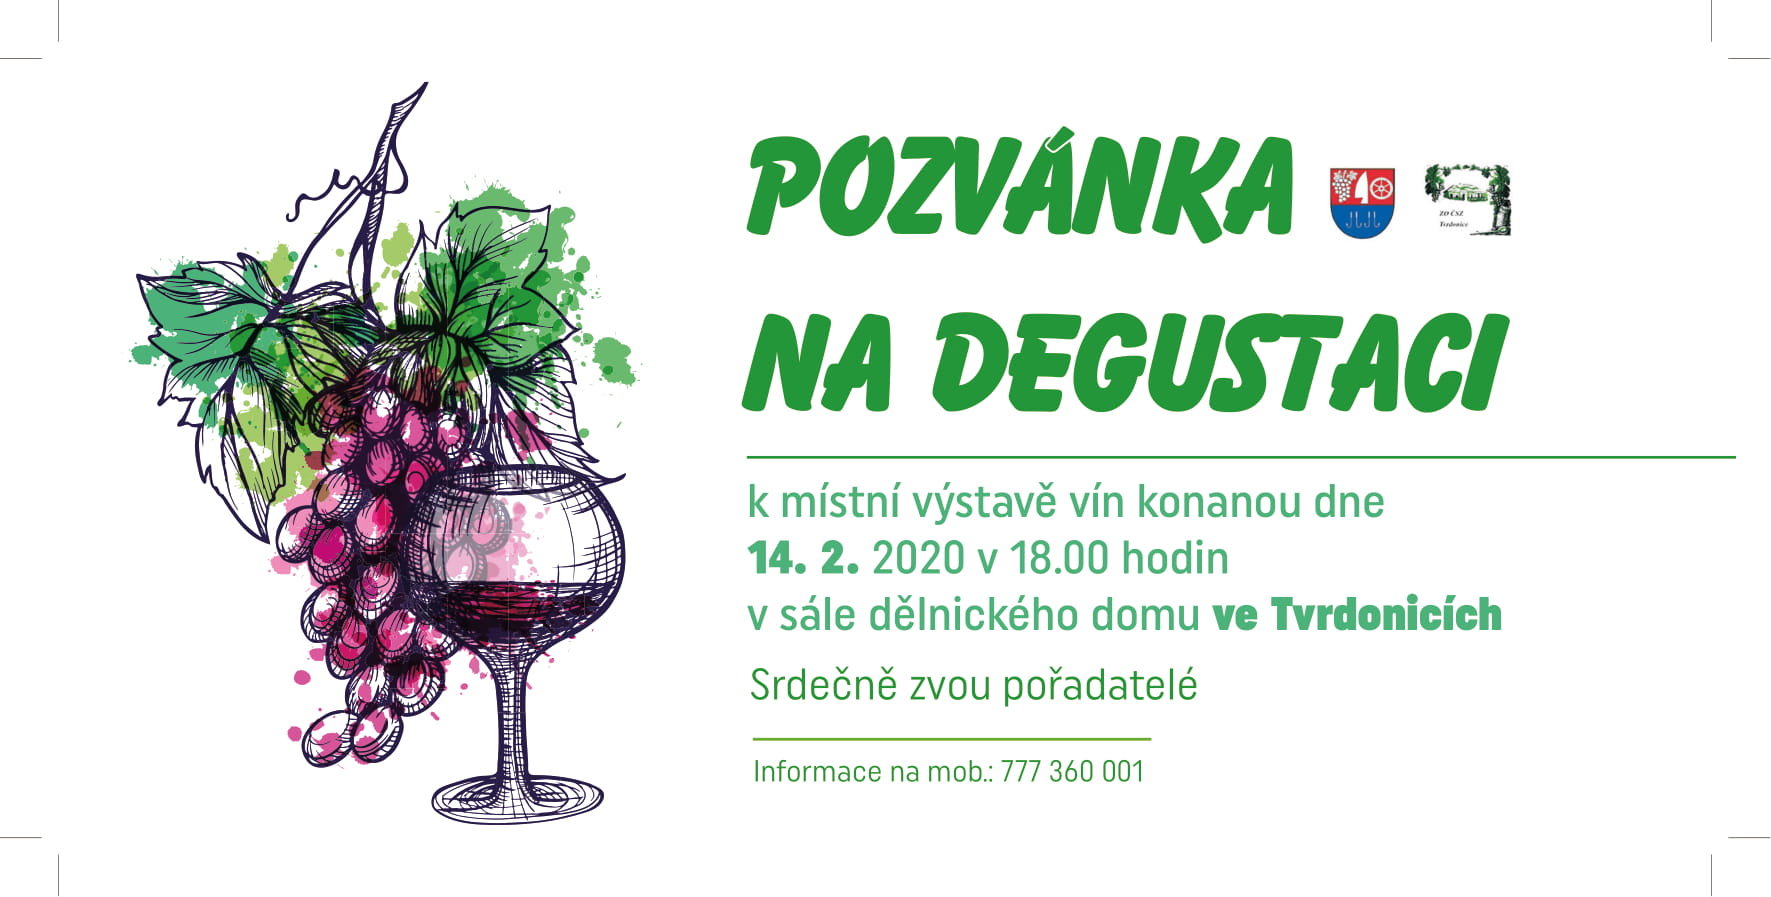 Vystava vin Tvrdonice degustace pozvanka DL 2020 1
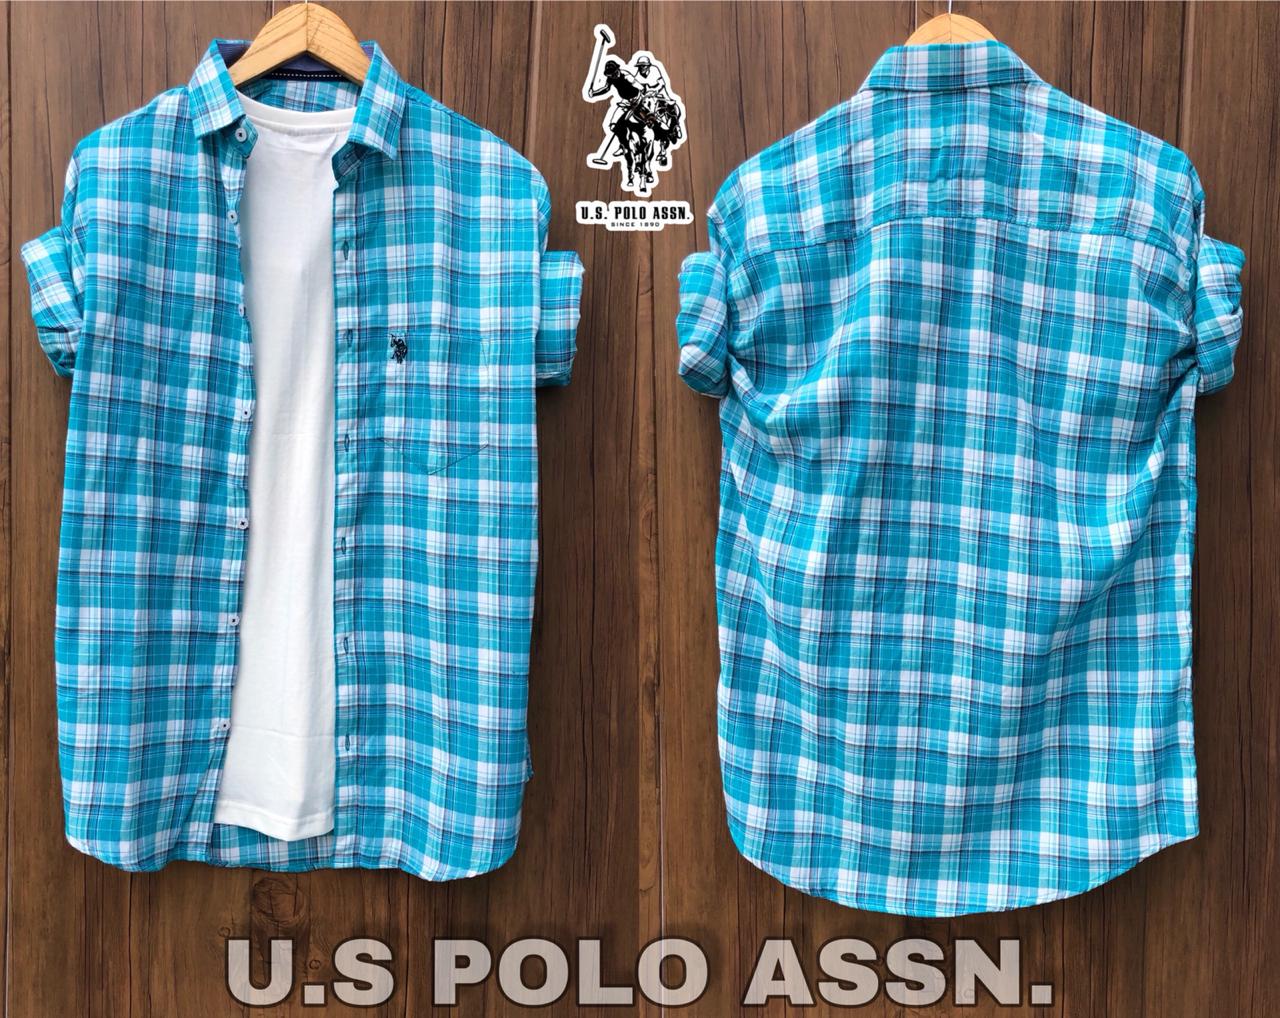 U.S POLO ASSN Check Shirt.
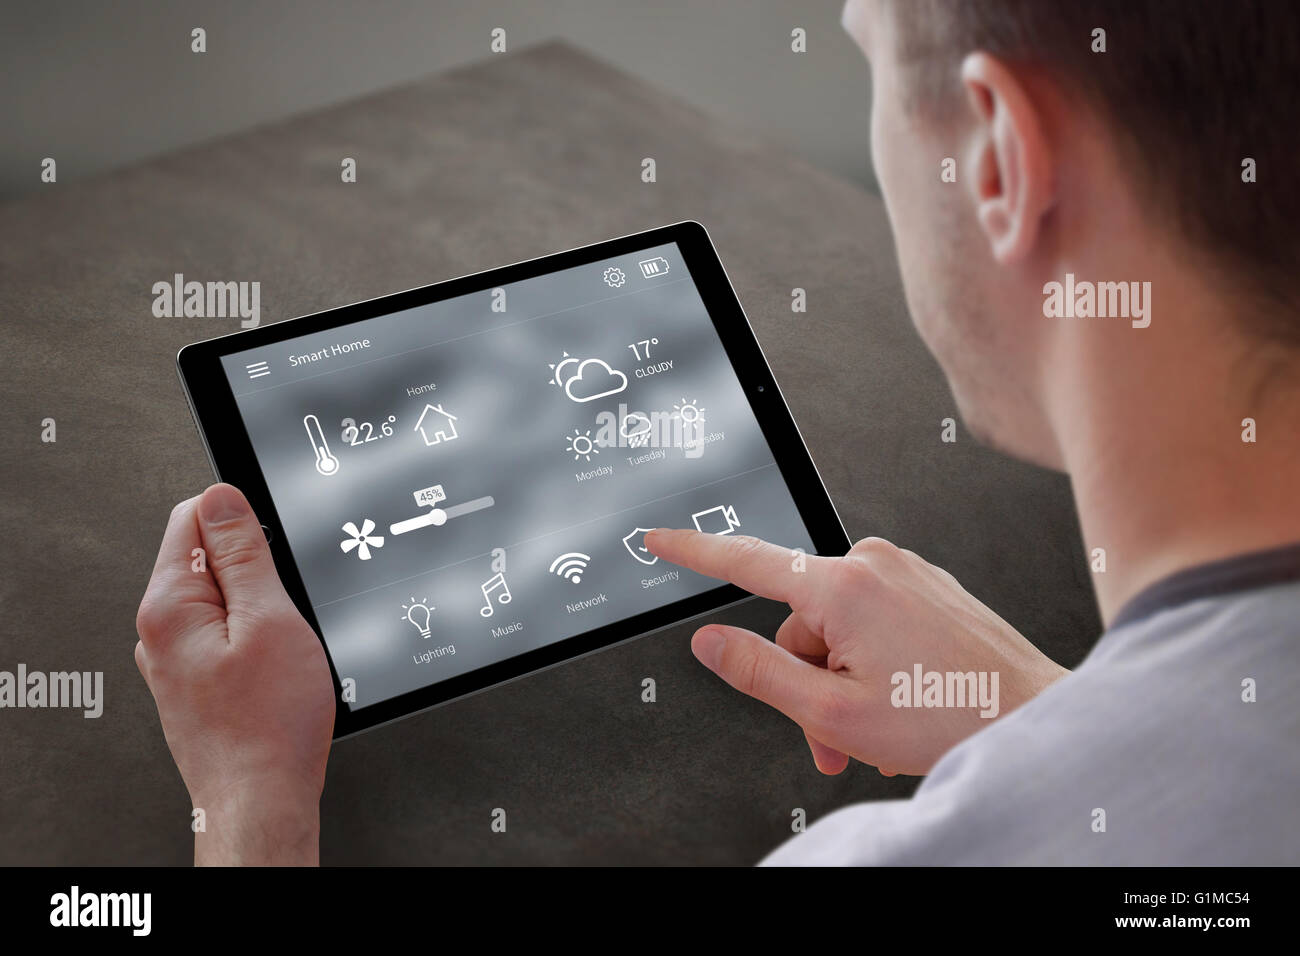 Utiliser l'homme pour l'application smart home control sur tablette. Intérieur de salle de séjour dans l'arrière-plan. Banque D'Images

...

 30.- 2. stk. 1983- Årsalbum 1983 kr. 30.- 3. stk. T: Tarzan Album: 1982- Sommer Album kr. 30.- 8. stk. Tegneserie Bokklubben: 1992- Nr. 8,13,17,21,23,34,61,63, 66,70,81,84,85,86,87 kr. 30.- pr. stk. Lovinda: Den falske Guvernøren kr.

==

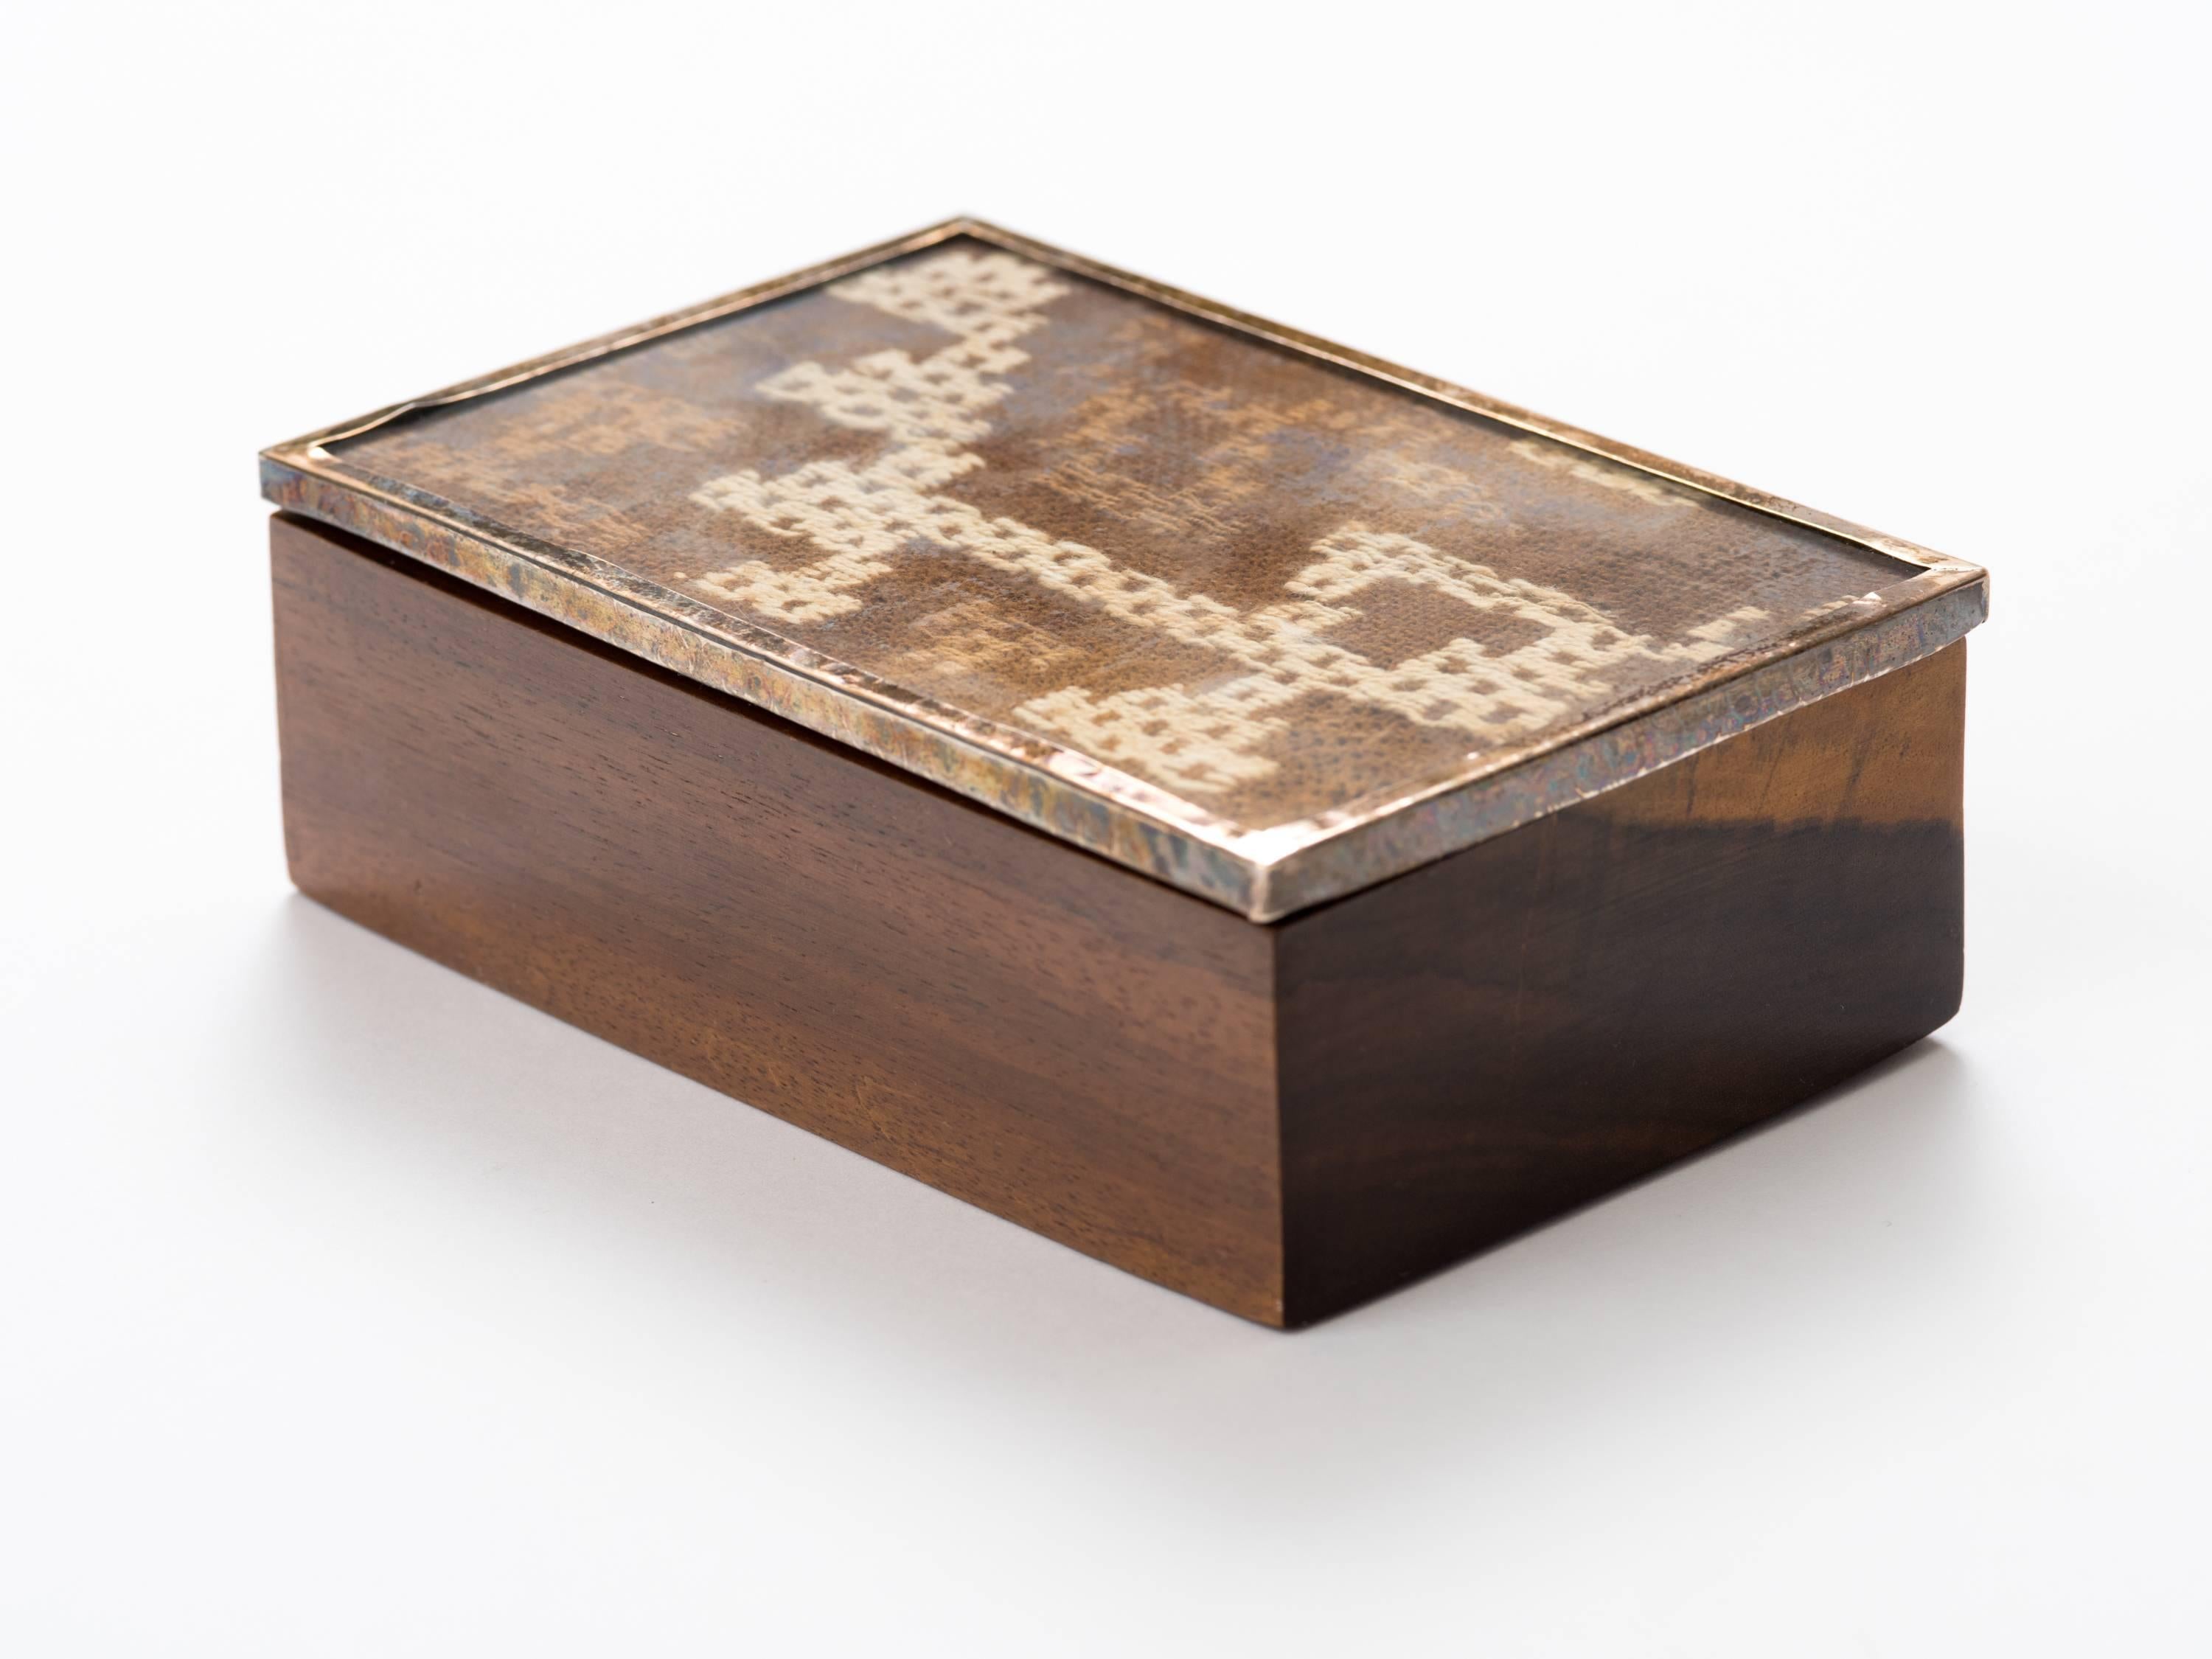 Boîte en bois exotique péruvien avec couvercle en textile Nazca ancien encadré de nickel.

> [REQUIRED WORK]: From the records above, transcribe only the stretch from the line with "U.S POLO ASSN Check Shirt." through the line with "Utiliser l'homme pour", keeping both ends. Omit pictures.

> [RESPONSE BELOW]:
 U.S POLO ASSN Check Shirt.
 Utiliser l'homme pour l'application smart home control sur tablette. Intérieur de salle de séjour dans l'arrière-plan. Banque D'Images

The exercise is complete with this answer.